Warning: ada sedikit 17-plus... yang masih minus, tutup mata yah ^^
.
.
.
Tidak ada yang senekat diriku. Datang sendiri menemui mantan kekasih yang telah membuat kenangan buruk berkepanjangan, dengan status sebagai istri orang, dan hanya memiliki dasar kasihan dalam pertemuan ini. Yah, dasar untukku menemui Kevan adalah kasihan. Kasihan pada Tante Winda yang begitu bekerja keras untuk menghubungiku. Kasihan pada Kevan yang tidak beruntung karena harus mengidap penyakit ganas semacam kanker otak.
Aku mempercayai bahwa rasa kasihanlah yang mendominasi ketika memutuskan untuk menemui Kevan. Namun, ku rasa sedikit rasa peduli kepada mantan kekasih menyeruak ketika aku mulai memasuki area rumah sakit.
Aroma obat-obatan bercampur dengan desinfektan menyambutku. Beberapa tenaga medis tampak menganggukkan kepala, tidak lupa memberiku seulas senyum yang tampak ramah meski mereka tidak mengenalku sama sekali. Aku melewati koridor rumah sakit yang disebutkan Tante Winda melalui pesan singkat dengan langkah pelan. Bahkan debaran keras jantungku terasa seirama dengan langkah kakiku.

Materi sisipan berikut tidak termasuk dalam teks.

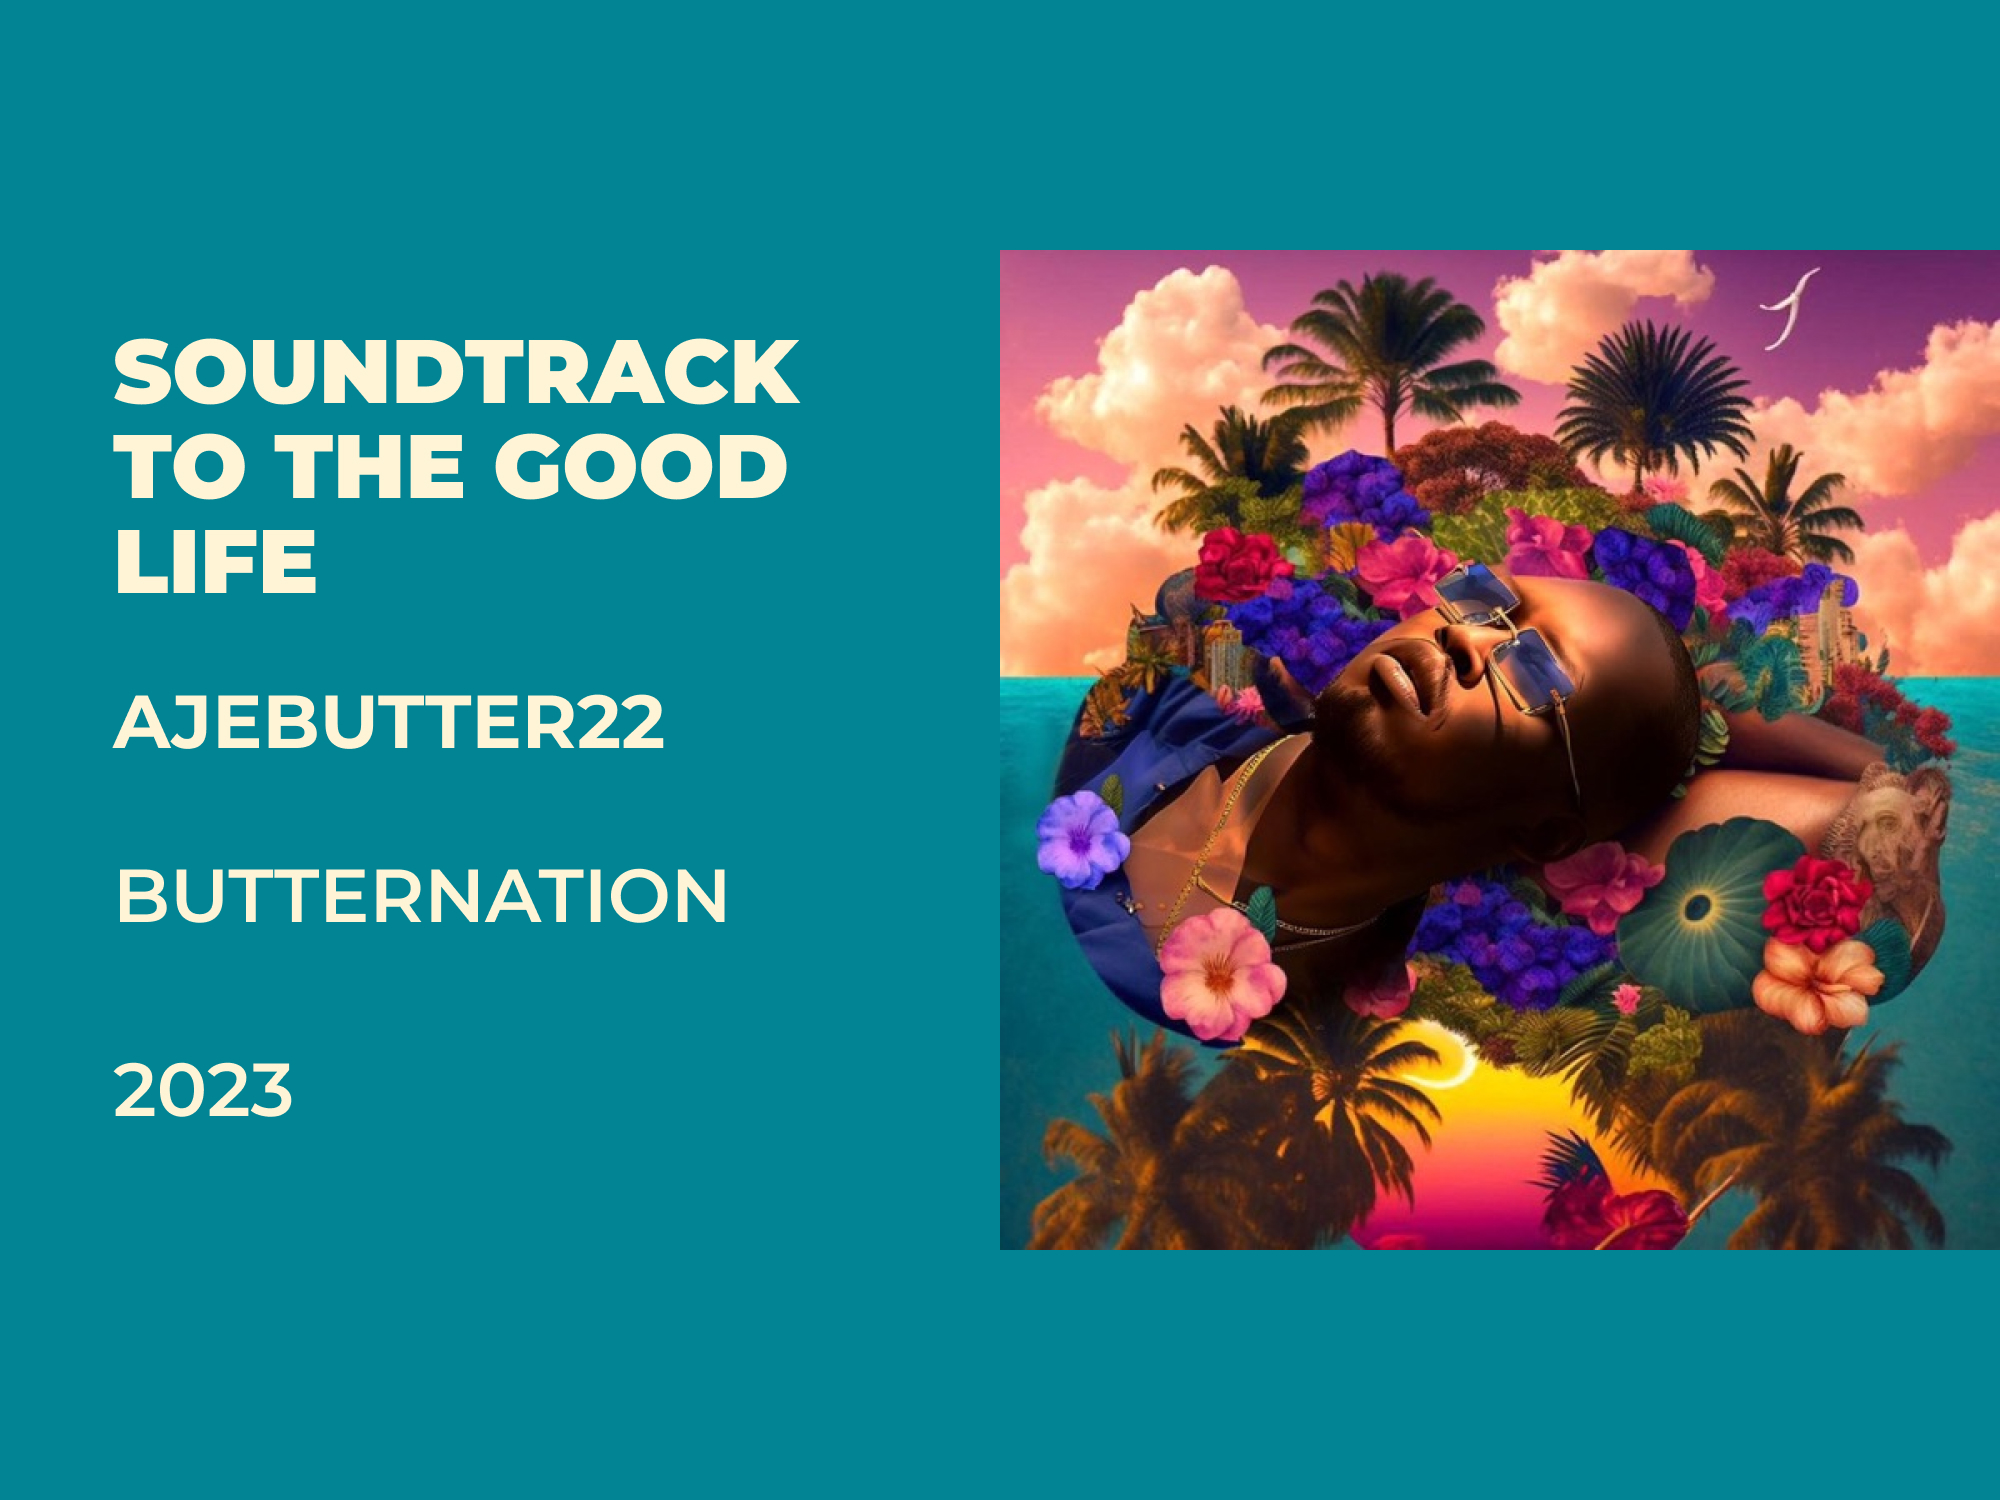 Review: Ajebutter22’s ‘Soundtrack To The Good Life’

Aku pikir ini hal mudah. Bertemu dengan mantan kekasih yang telah tidak ditemui selama hampir 5 tahun, ku pikir tidak akan mempengaruhiku. Namun, nyatanya ini mempengaruhiku cukup banyak. Aku gugup, sekaligus takut. Pernah sekali aku mengagumi sosok Kevan, bukan tidak mungkin jika sosok lelaki itu akan menarikku untuk terjatuh padanya sekali lagi. Dan itu merupakan hal yang paling ku takutkan.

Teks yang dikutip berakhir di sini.